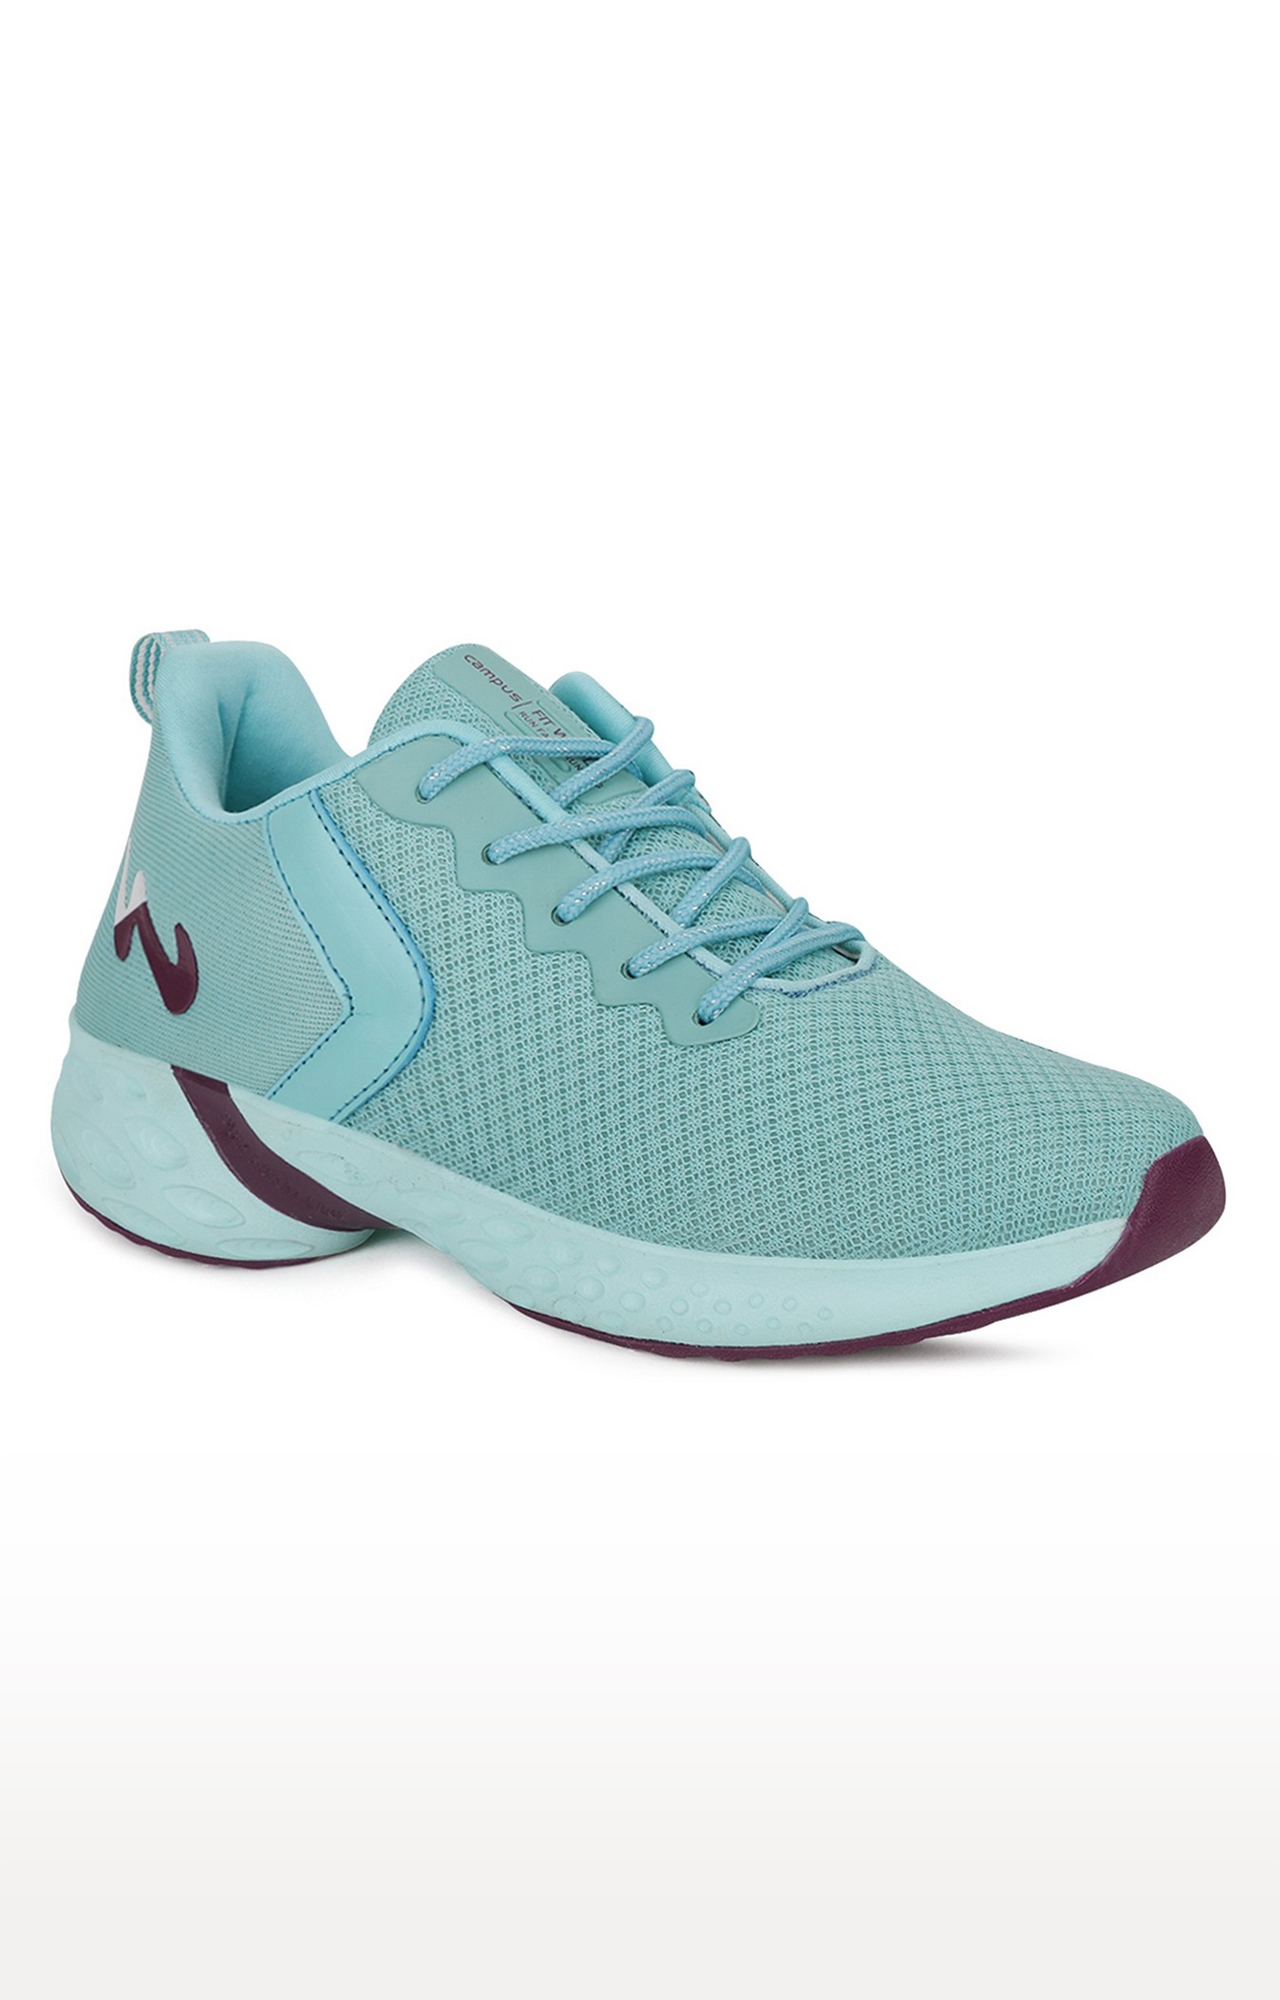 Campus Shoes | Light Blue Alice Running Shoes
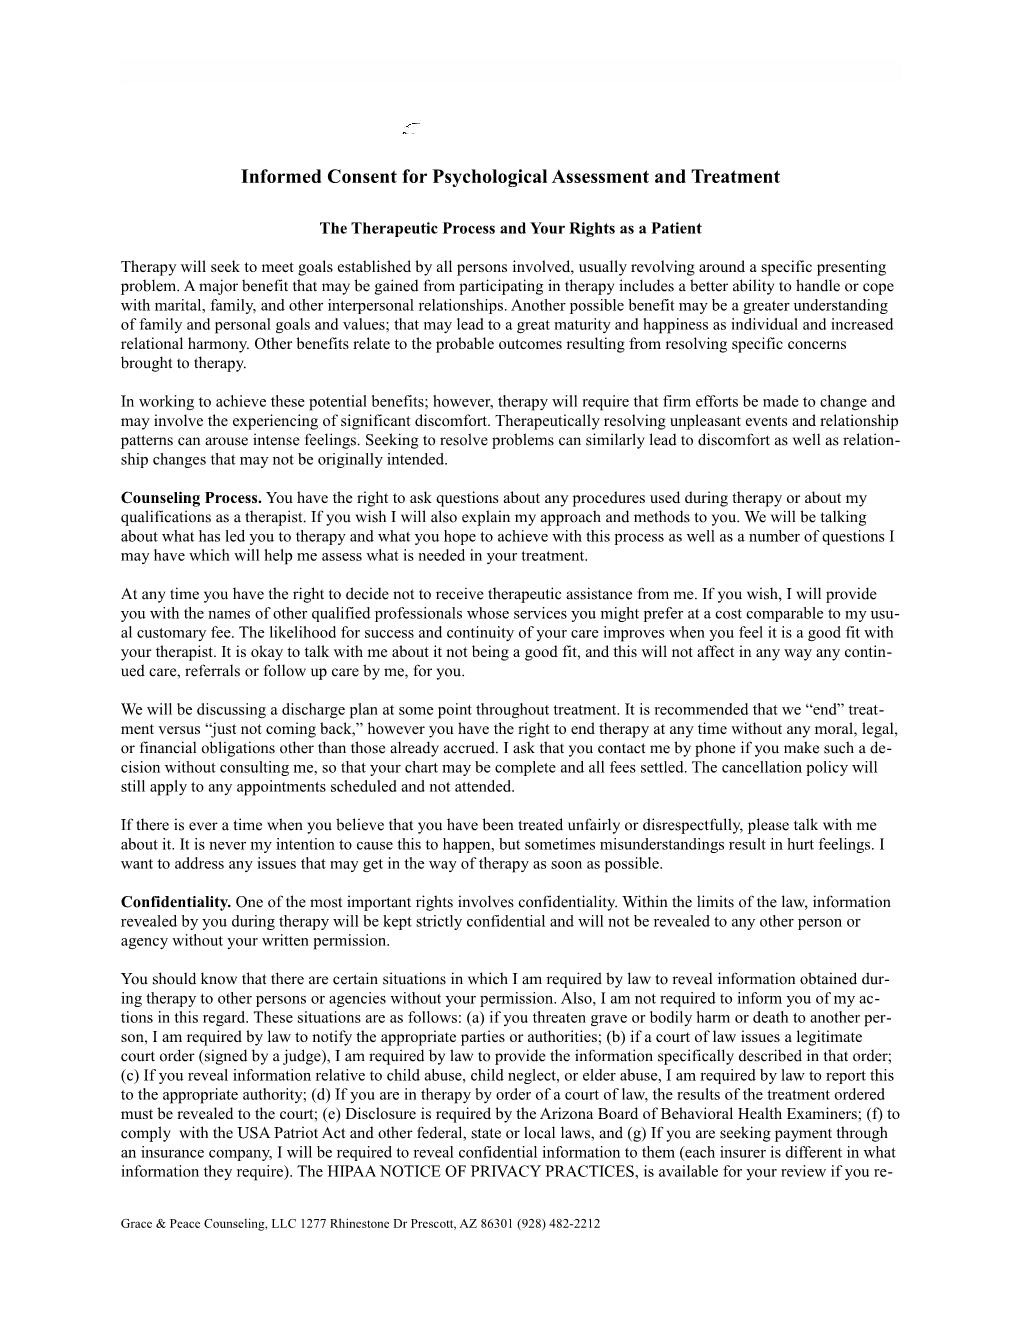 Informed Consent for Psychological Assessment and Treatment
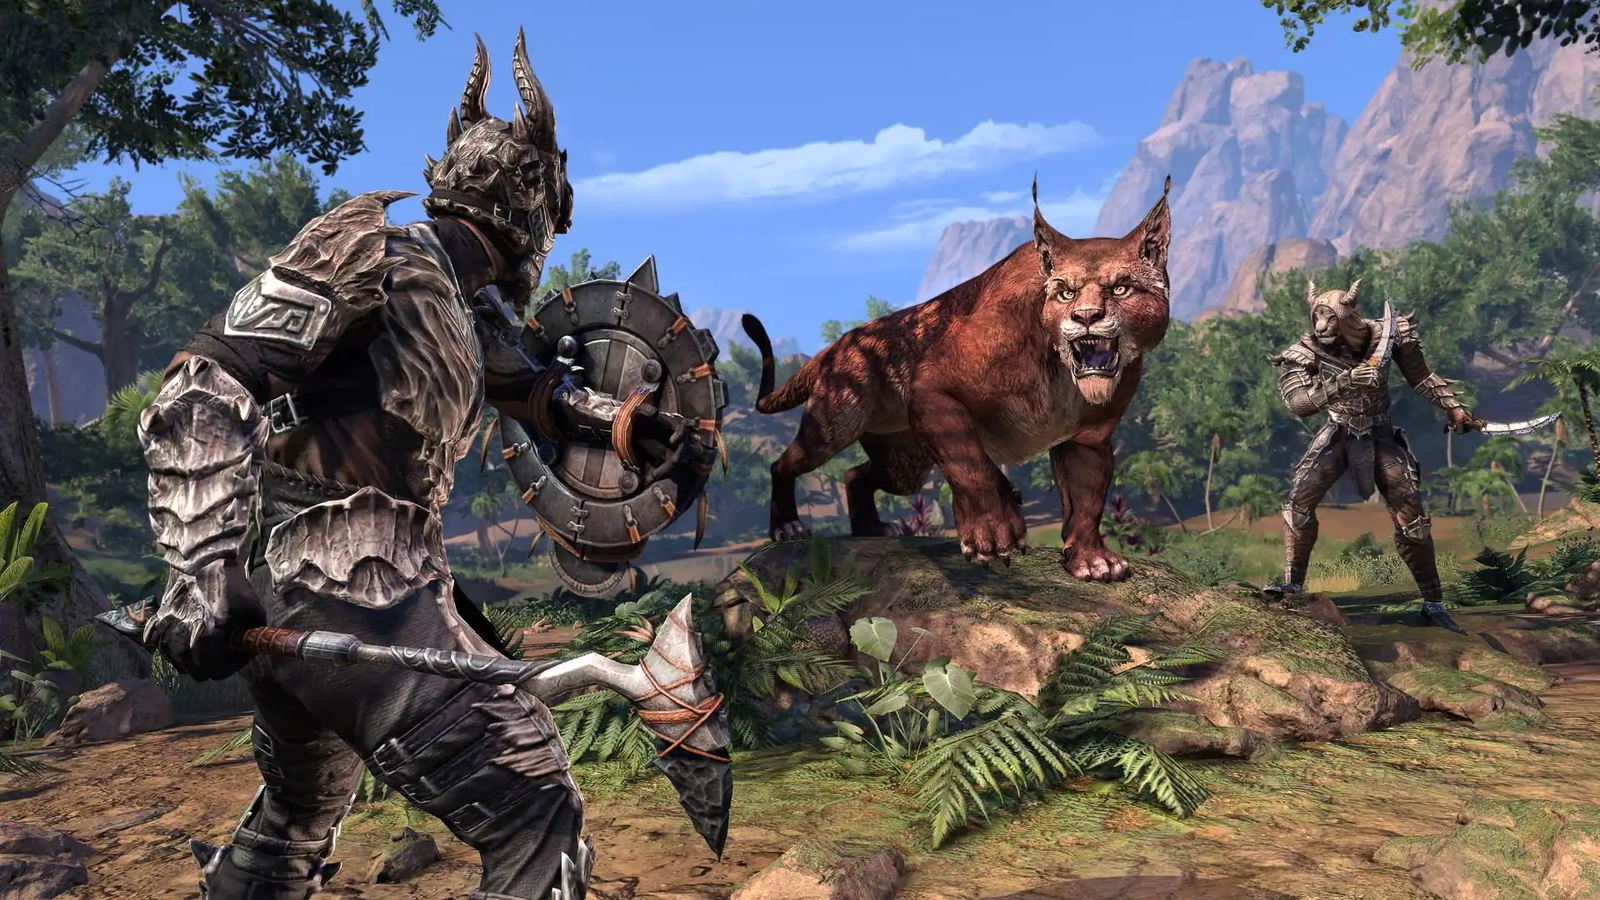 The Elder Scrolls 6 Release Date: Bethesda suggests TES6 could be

### ACTIVITY
Exactly as they appear above, print all the lines, but not the pictures.

### RESPONSE TO THE TASK
 Campus Shoes | Light Blue Alice Running Shoes
 Informed Consent for Psychological Assessment and Treatment
 The Elder Scrolls 6 Release Date: Bethesda suggests TES6 could be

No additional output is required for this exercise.